Kualitas Taman Nasional, Pengelola dan Warga Diminta Bersinergi

Reading time: 2 menit
Taman Nasional Bromo Tengger Semeru. Foto: Schristia/flickr.com

Jakarta (Greeners) – Keberlangsungan pengelolaan Taman Nasional tidak pernah lepas dari keterlibatan masyarakat setempat yang tinggal dan hidup dalam kawasan. Baik buruknya kondisi Taman Nasional juga seringkali diukur melalui kesejahteraan hidup masyarakat di dalamnya.

Direktur Jendral Konservasi Sumber Daya Alam dan Ekosistem (KSDAE) Kementerian Lingkungan Hidup dan Kehutanan (KLHK), Tachrir Fathoni mengatakan, dalam pola pengelolaan Taman Nasional saat ini, sinergi antara pengelola Taman Nasional dan masyarakat setempat harus terbangun dengan baik karena pengelolaan Taman Nasional yang baik adalah yang benar-benar memberikan manfaat bagi masyarakatnya.

“Masyarakat dengan pola yang sekarang memang sudah harus sinergi dengan pengelola Taman Nasional. Dalam arti bahwa Taman Nasional yang baik adalah yang bermanfaat bagi masyarakat sekitarnya,” ujar Tachrir kepada Greeners, Jakarta, Minggu (15/05).

Mengenai akses masyarakat ke Taman Nasional, ia mengatakan semua itu tergantung dari potensi masing-masing Taman Nasional. Ia mencontohkan seperti Taman Nasional Gunung Rinjani. Di sana, kata dia, Taman Nasional Rinjani memberikan keleluasaan bagi masyarakat setempat untuk mengelola trek pendakian. Sehingga, masyarakat pun bisa mendapatkan penghasilan dari pengelolaan trek wisata tersebut.

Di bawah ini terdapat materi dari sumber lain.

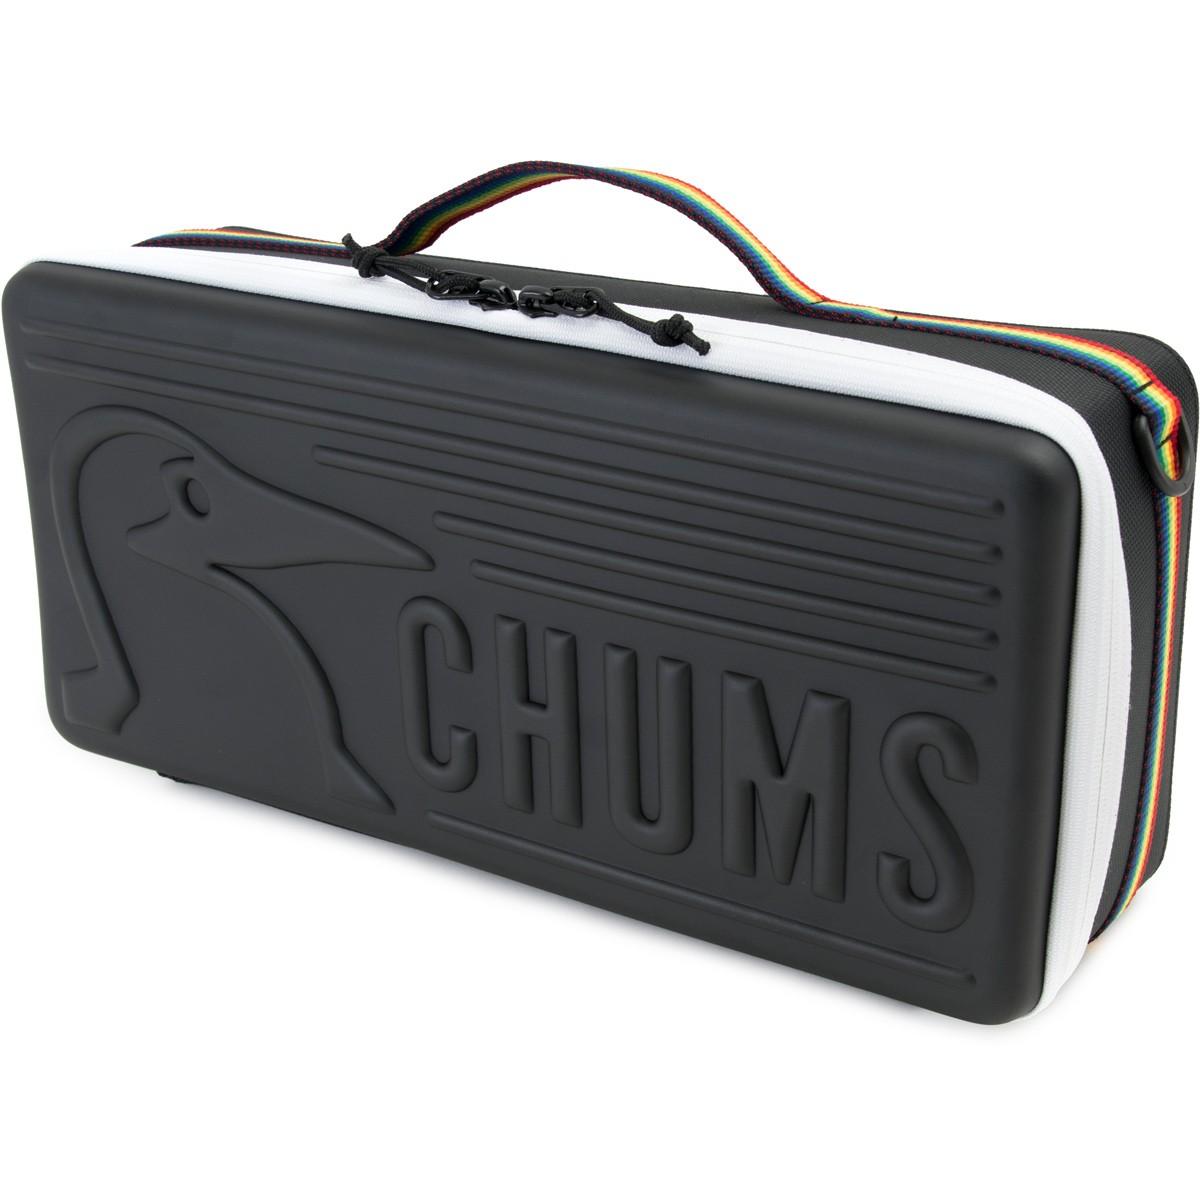 CH62-1195 CHUMS Booby Multi Hard Case Slim チャムス ブービーマルチハードケース スリム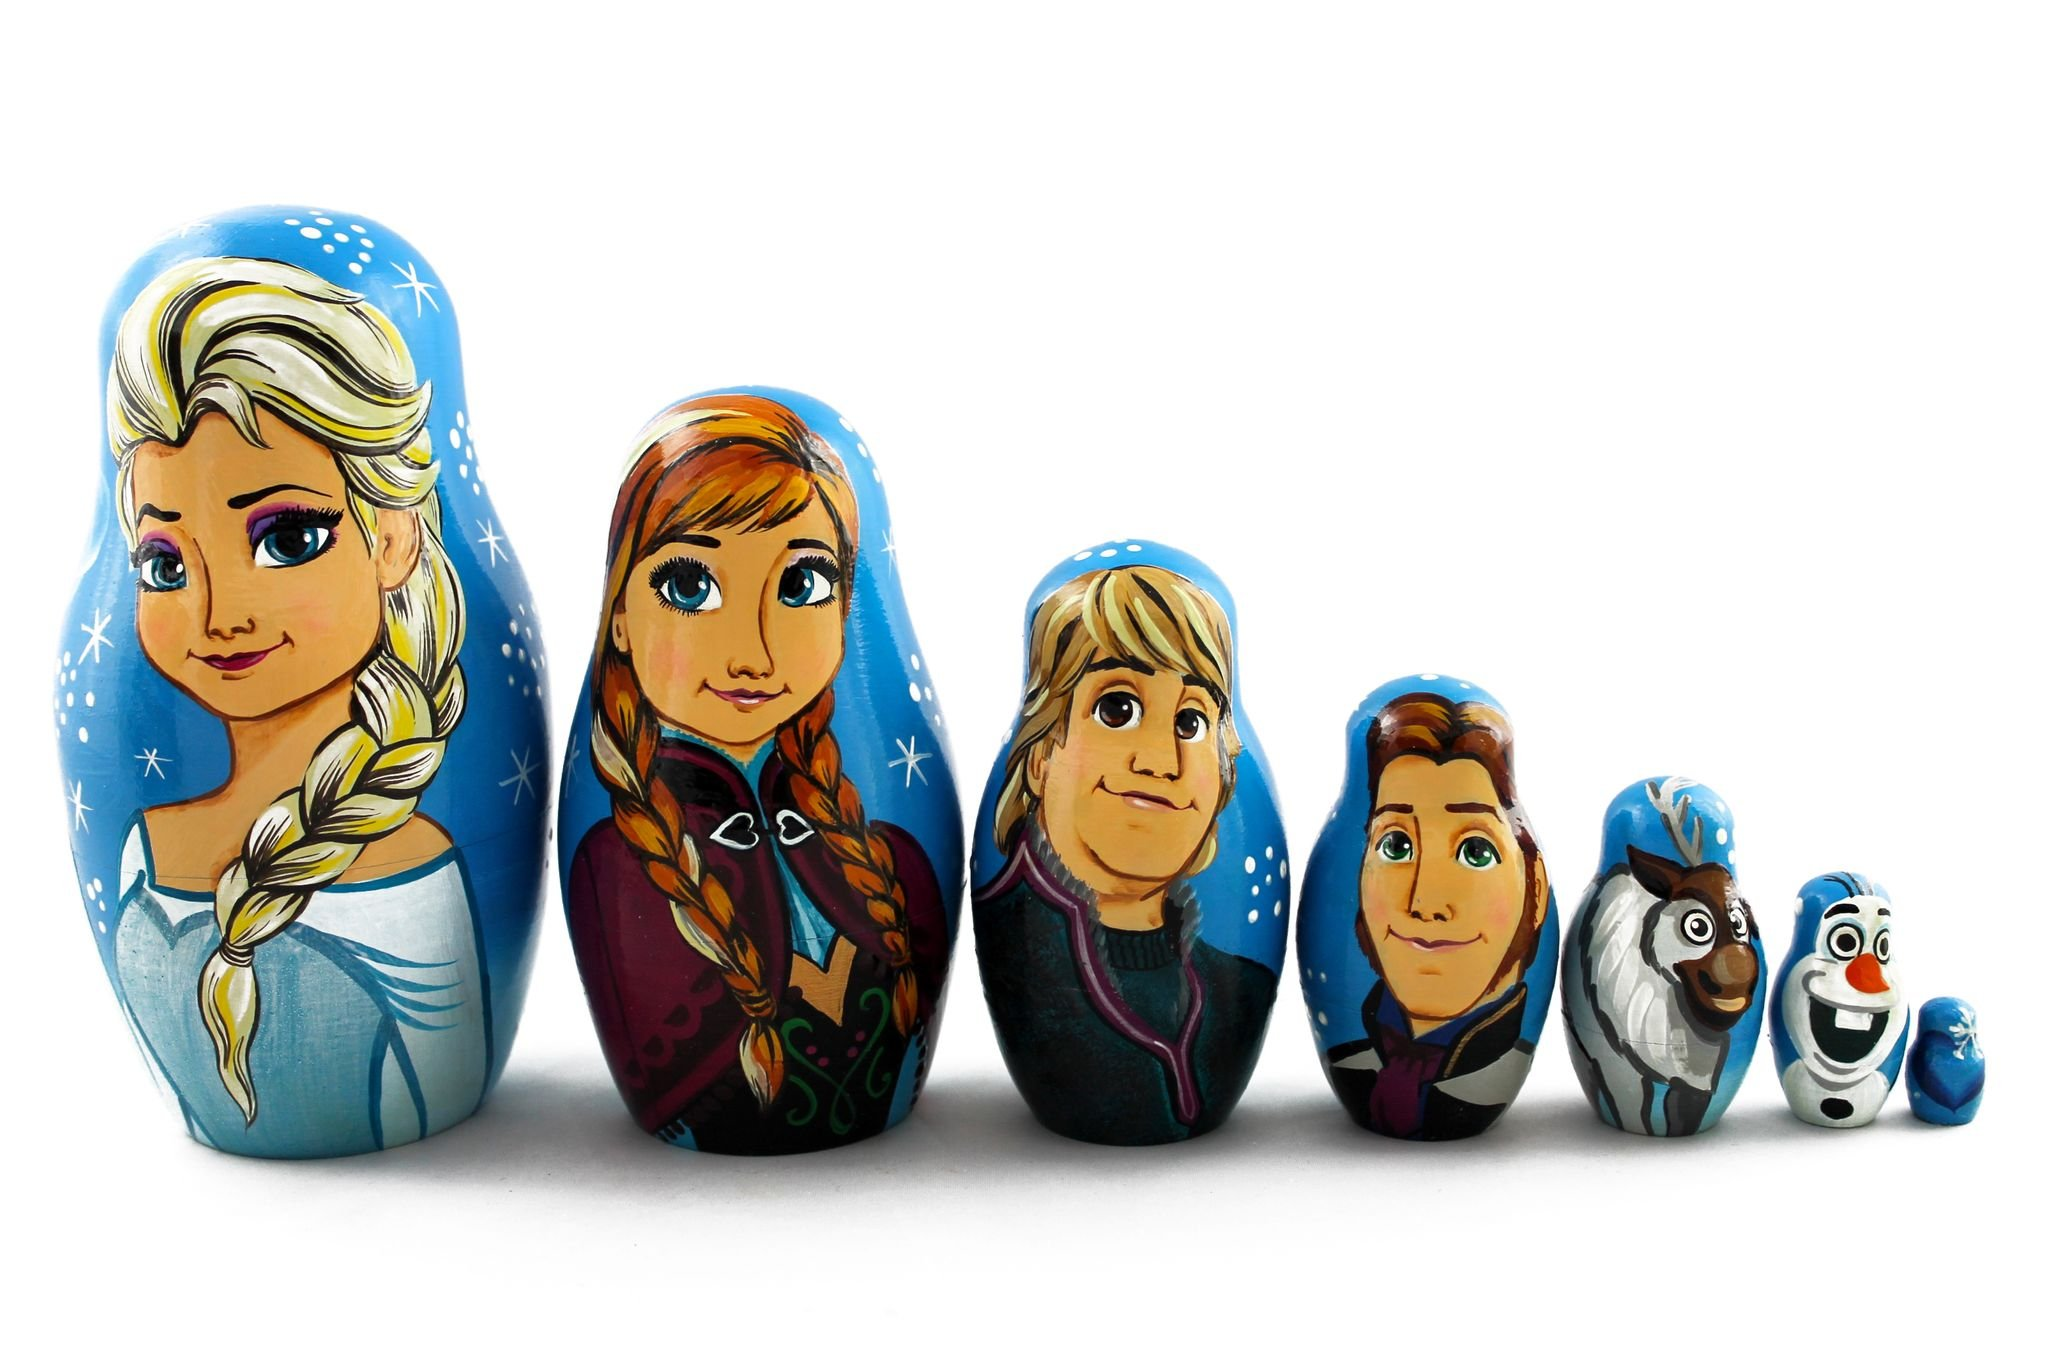 Matryoshka Russian Nesting Doll Babushka Beautiful Cartoon Characters Frozen Elsa Elza 7 Pieces Pcs Wooden Hand Painted Souvenir Craft Gift by MATRYOSHKA&HANDICRAFT by MATRYOSHKA&HANDICRAFT

“Jadi tergantung potensi di masing-masing Taman Nasional. Tapi intinya kita ingin memberikan akses pada masyarakat untuk bisa terlibat dalam pengelolaan Taman Nasional dan pemanfaatan sumber dayanya. Nantinya, yang digunakan pun pendekatan pola wisata, pola rehabilitasi dan pola usaha seperti Usaha Kecil Menengah (UKM),” katanya.

Di Taman Nasional Bromo Tengger Semeru (TNBTS), lanjutnya, masyarakat bisa menyewakan kendaraan Jeep mereka bagi wisatawan atau pendaki yang datang. Hanya saja, memang masih ada perselisihan antara masyarakat yang tinggal di dalam kawasan Taman Nasional dengan masyarakat di luar kawasan yang mengklaim mendapat izin dari Kementerian Pariwisata.

“Itu masalah yang bisa dibicarakan yang intinya pendapatan masyarakat bisa didapat dari efek domino wisatawan apabila masyarakatnya kreatif dalam menjual kekhasannya seperti budayanya, UKM-nya, kulinernya, itu akan memberikan multiplayer effect. Pendampingan masyarakat seperti itu sekarang konsepnya bisa siapa saja. KLHK bisa, Kementerian Pariwisata bisa, Pemda juga bisa. Karena sekarang konsepnya integrated, makanya ada tim yang dibentuk oleh Menko untuk Koordinasi pengembangan pariwisata nasional,” jelasnya lagi.

Oneng Setyaharini, Asisten Deputi Tata Kelola Destinasi dan Pemberdayaan Masyarakat Kementerian Pariwisata pada konferensi pers Sapu Gunung Indonesia akhir April lalu juga menyatakan kalau Kemeneterian Pariwisata telah memiliki sendiri program-program yang melibatkan masyarakat di dalam kawasan Taman Nasional.

Beberapa di antaranya seperti gerakan Sadar Wisata dan Sapta Pesona yang dibagi menjadi tujuh komponen dasar pembangunan pariwisata. Di antaranya, destinasi wisata harus bersih, kondusif dari keamanan, kesejukan, dan masyarakat lokalnya ramah pada wisatawan.

“Kami sudah kumpulkan 400 masyarakat di daerah destinasi dan ada sosialisasi tentang apa itu Sapta Pesona. Dengan adanya program Jambore Sapu Gunung, ini bisa menjadi kekuatan bagi kami di destinasi pariwisata, dimana pemerintah sedang konsentrasi mengembangkan 10 destinasi, salah satunya Bromo,” tutupnya.